A straightforward musical about the birth of a bygone era of entertainment.

The Impossible Comes True

A young clerk for a shipping company dreams of a better life for his wife and two daughters. When he is let go after the company goes bankrupt he risks what little money he has to start a venture that would become a world renowned attraction of entertainment for years to come.

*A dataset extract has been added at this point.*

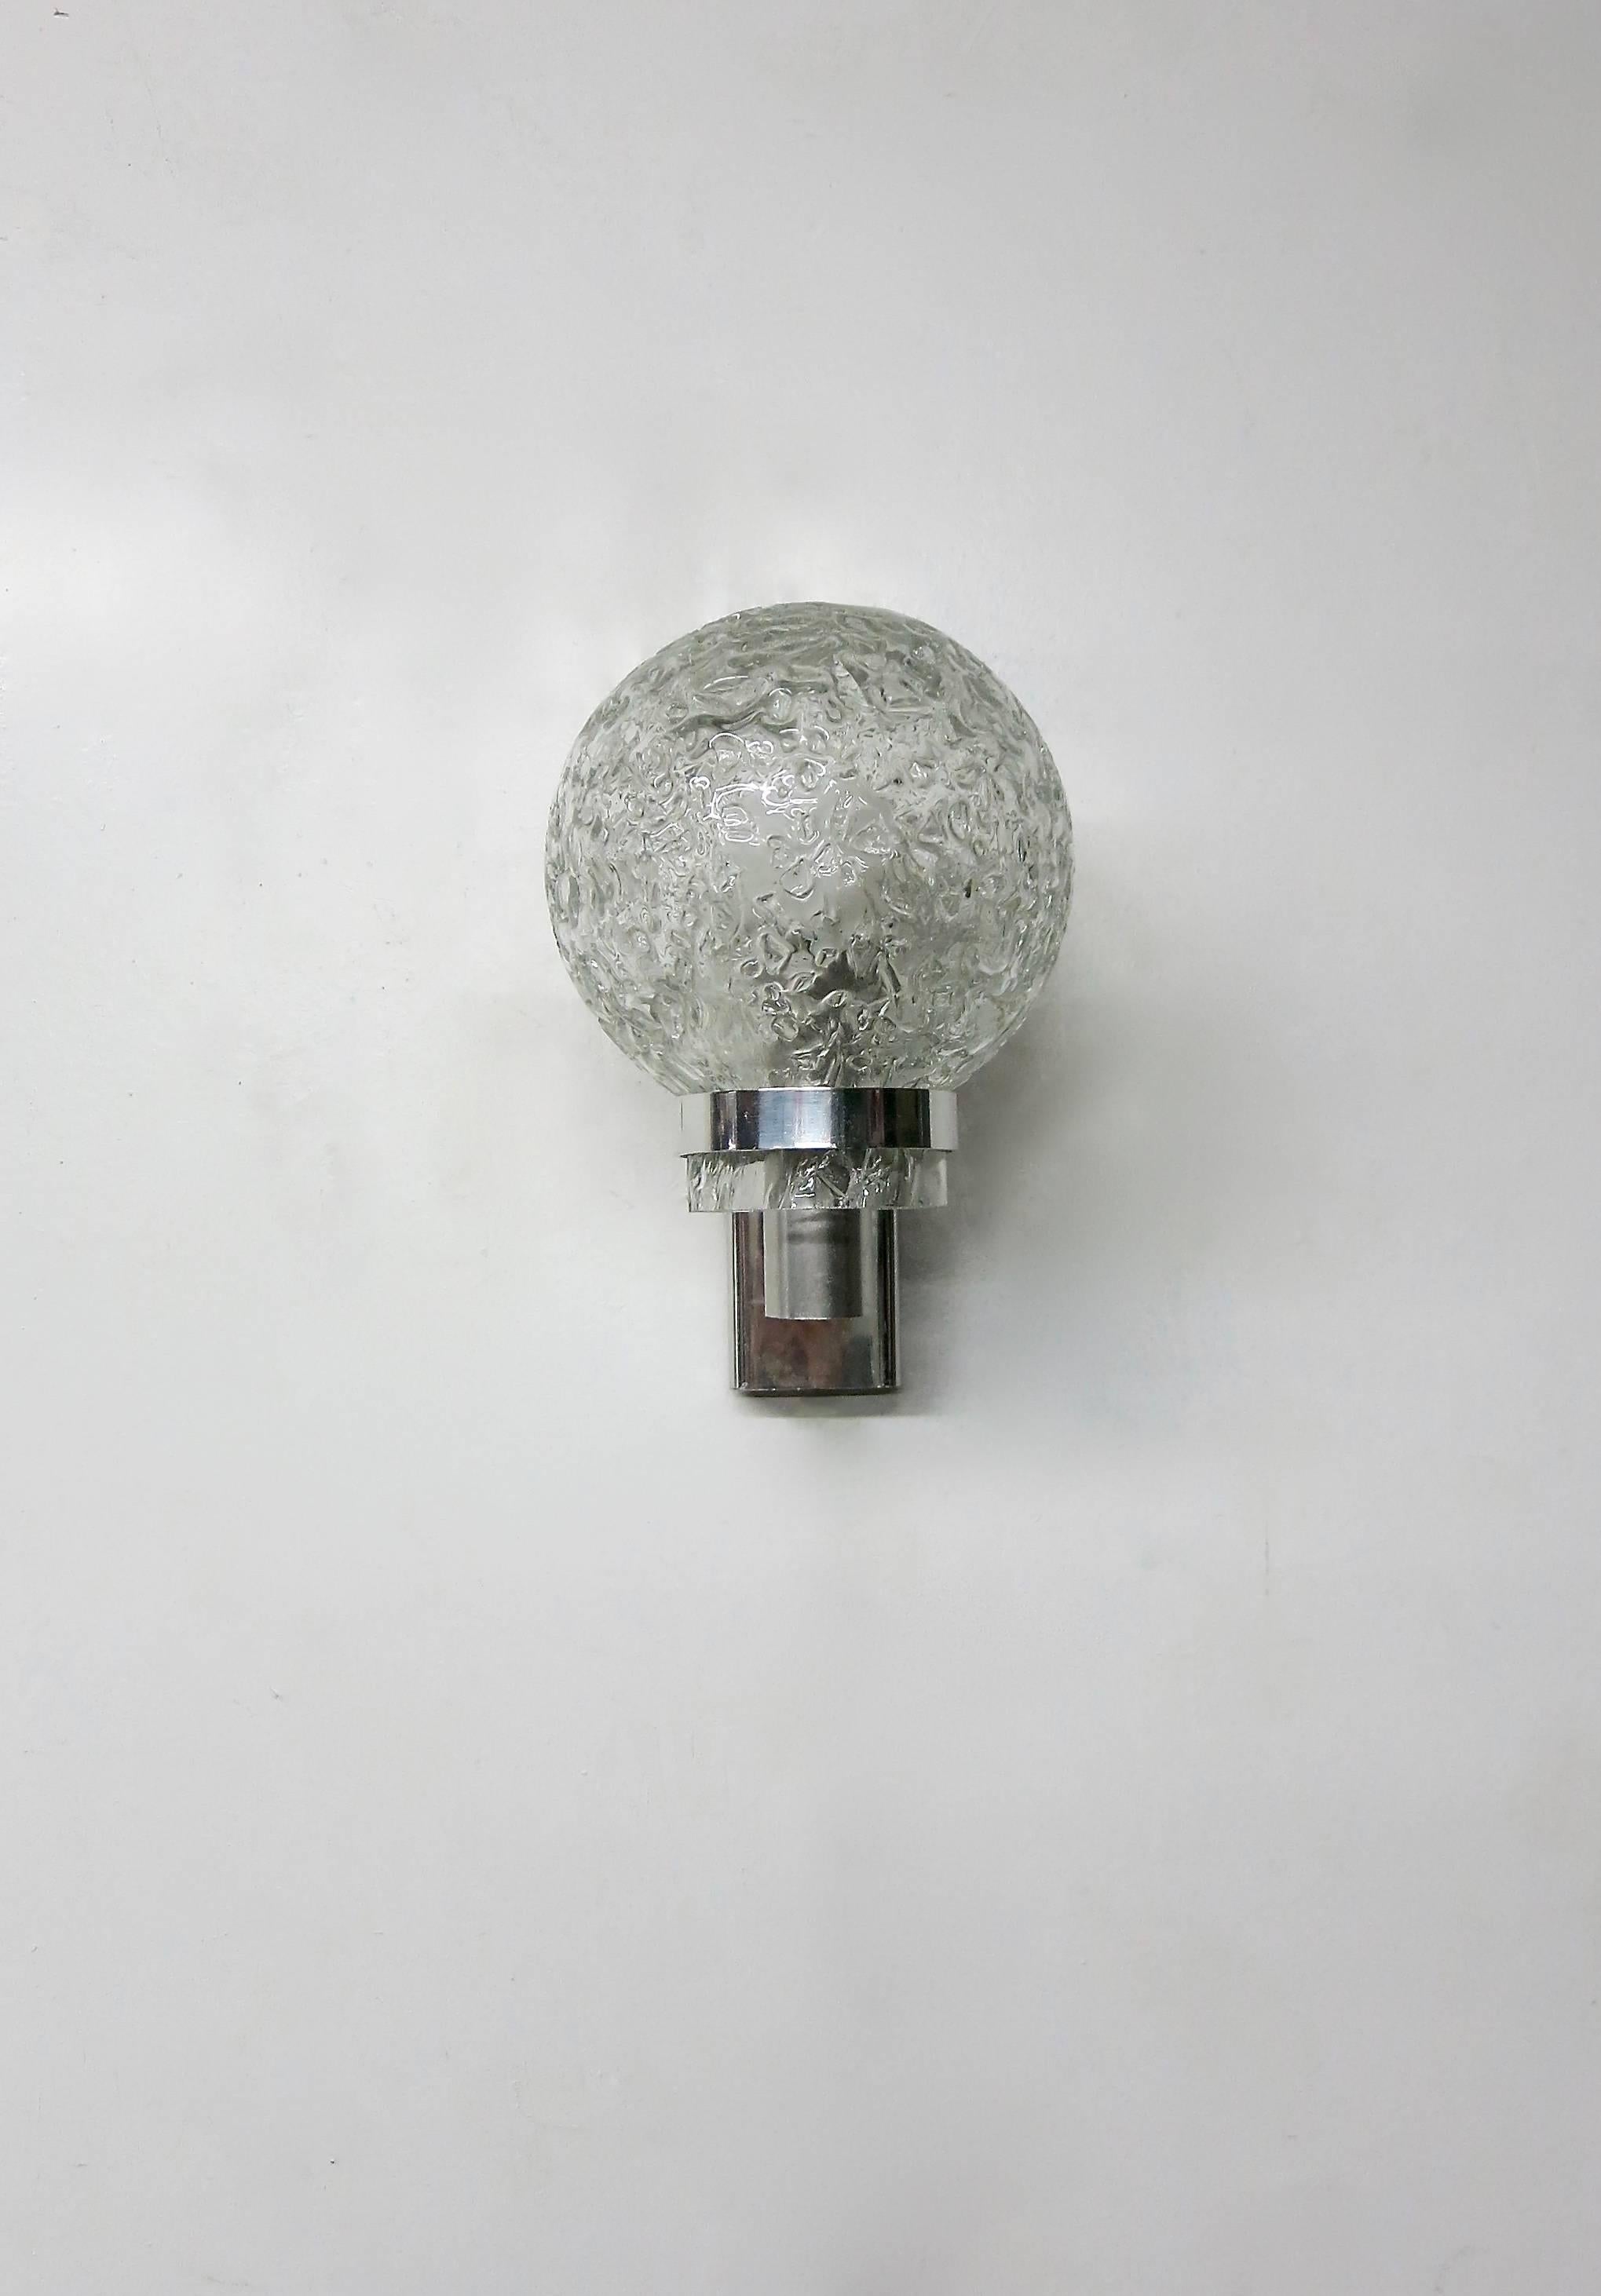 Italian mid-century modern chrome sconces. Each sconce has a single arm supporting a round textured glass shade covering a single socket. The wiring has been changed to an American candelabra socket if desired, the sconces can be changed to an

P. T. Barnum is an ambitious showman and entrepreneur who was driven to be successful with what he had at his disposal while flying to the face of social norms of that time. Charity Barnum is P.T.’s wife who dealt with her husband’s need to prove himself in the eyes of her father and the high society crowd that she came from while tending to the needs of their two daughters. Phillip Carlyle is a playwright who comes from high society and chooses to become P.T.’s partner partly to get closer to the trapeze artist Anne Wheeler who is part of his show. Jenny Lind is a famous Swedish singer who is the toast of Europe and teams with P.T. on a tour through the United States of America as a way of legitimizing his image.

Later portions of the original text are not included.